Prince Eugene Emmanuel of Savoy-Carignano, Count of Villafranca (Paris, 14 April 1816 – Turin, 15 December 1888) was a statesman and military leader for Piedmont–Sardinia and later for the Kingdom of Italy.

== Biography ==
He was a son of Joseph Marie de Savoie-Carignan (1783–1825), a close relative of King Charles Albert of Sardinia, and his wife, Pauline Antoinette de Quélen de Stuer de Caussade (1783–1829), daughter of French Ambassador Paul François de Quélen de Stuer de Caussade and Antoinette de Pons. His elder sister was Princess Maria Filiberta of Savoy and his grandfather was Prince Eugenio, Count of Villafranca.

He graduated from the Royal Naval School in Genoa, after which he joined the navy as an officer. In the summer of 1834, with the rank of lieutenant, he transferred from the navy to the army, initially to the Piedmont cavalry. By 1836 he had become a colonel, and in 1844, a lieutenant general. In parallel, he continued to be listed in the navy, and was eventually promoted to admiral.

Somewhat earlier, in 1842, the prince tried to marry Brazilian Princess Januária of Brazil, but was refused. In 1843, he tried to marry the Austrian princess Maria Carolina, daughter of Archduke Rainer of Austria, but she died the following year, before the marriage was concluded. The loss of his future bride plunged the prince into complete despair, and for many years after that, he did not want to marry, even when the King offered him advantageous matches.

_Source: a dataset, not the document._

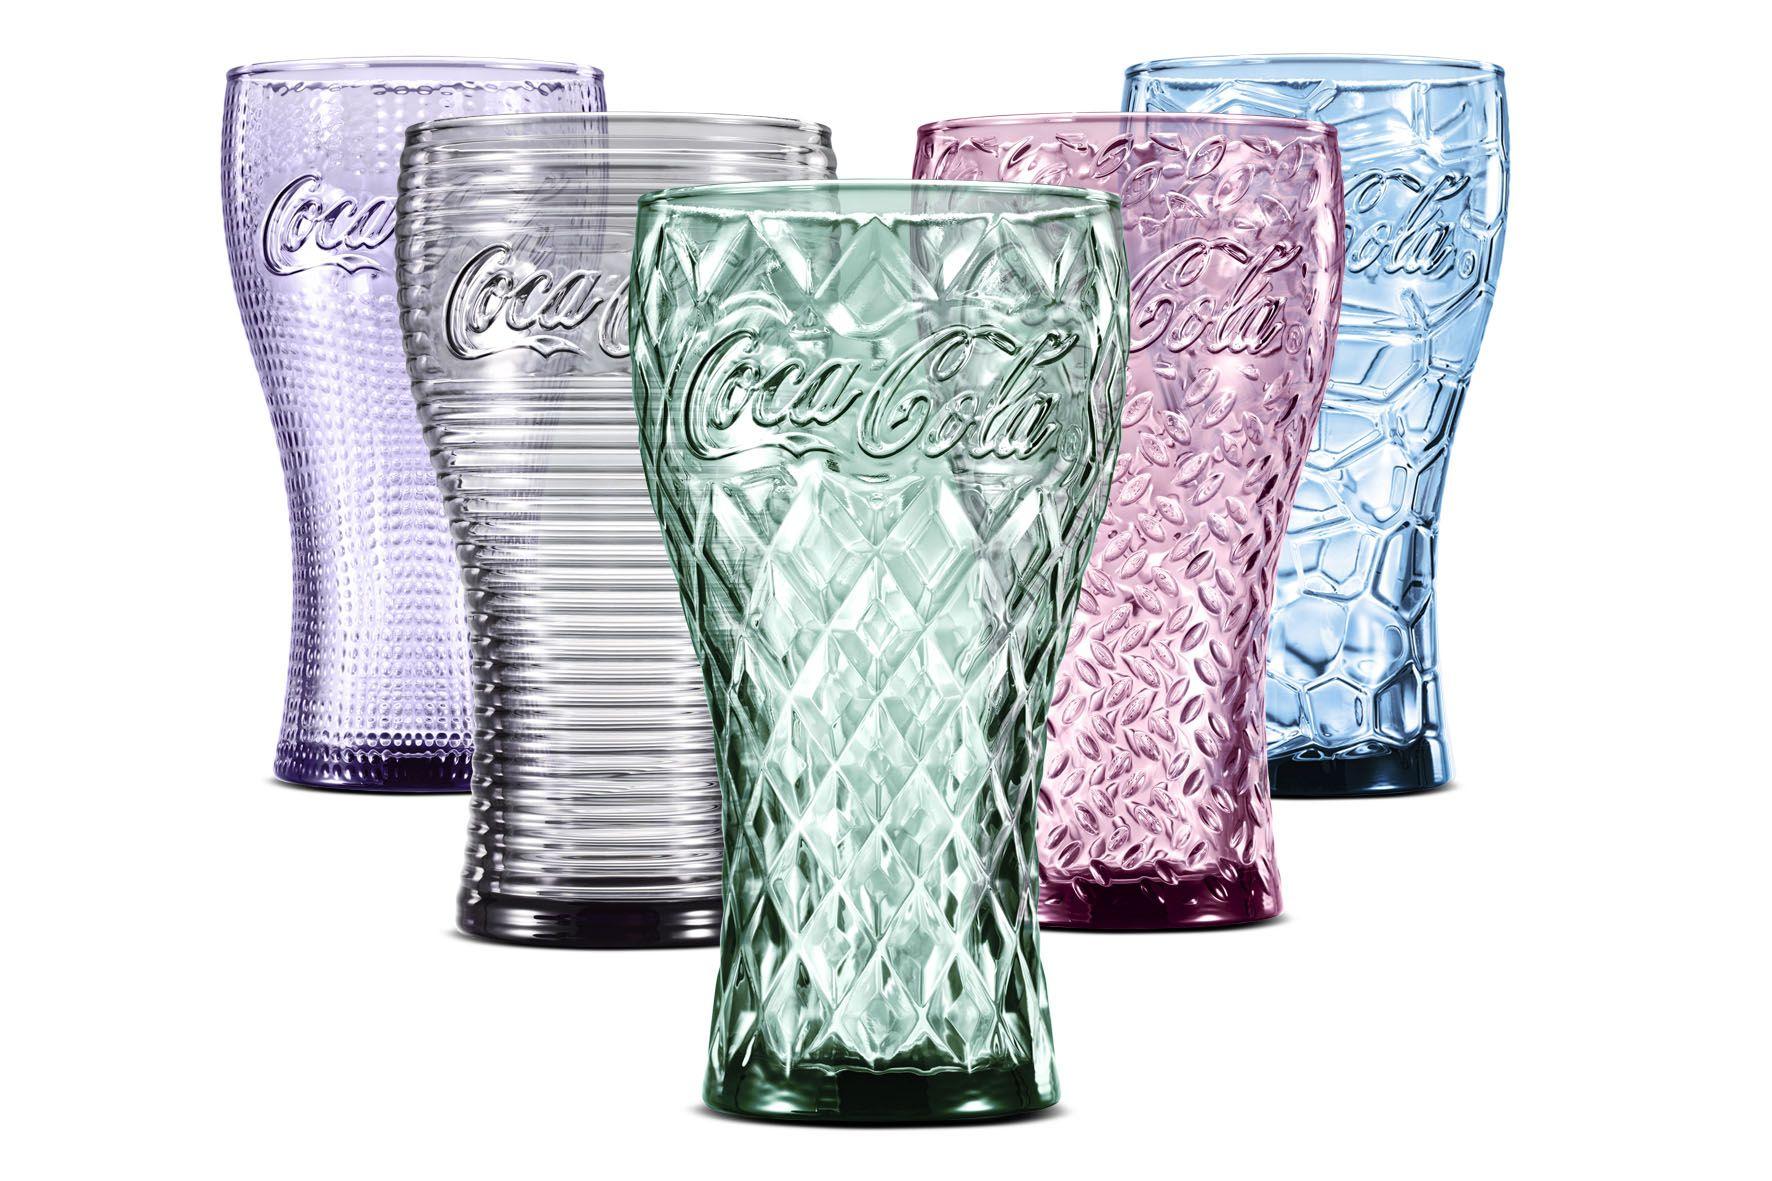 McDonald's Coca Cola Glas gratis, 2. Chance

However, twenty years later he finally married a 19-year-old ballerina of relatively simple origin, named Felicite Crosio (1844–1911). From this marriage, eight children were born, who were granted all rights to the lands and titles (but not the princely title and rank) of their father by decision of King Umberto, despite the fact that their parents' marriage was morganatic.

=== Italian Wars of Independence ===
Prince Eugene Emmanuel participated in several military actions during the Wars for the Unification of Italy (1848–1871).
Charles Albert appointed Eugene as commander general of the Navy of the Kingdom of Sardinia between 1844–48 and 1849–51.

Four times during the war (1848, 1849, 1859, 1866), he held the Lieutenancy of the Kingdom. He was the regent of the United Provinces of Central Italy in Tuscany (March 1860) and Lieutenant in Naples (January 1861).

In 1861, he distinguished himself in the Siege of Gaeta, which was defended by supporters of the King of the Two Sicilies, Francis II.

After the unification of Italy, he presided over the General Commission for the Defense of the State, the National Consortium, the National Shooting Range and many other associations of various kinds. He died in Turin on 15 December 1888.

He received the Spanish Order of the Golden Fleece during the short Spanish reign of his cousin Amadeus I, as well as several other awards.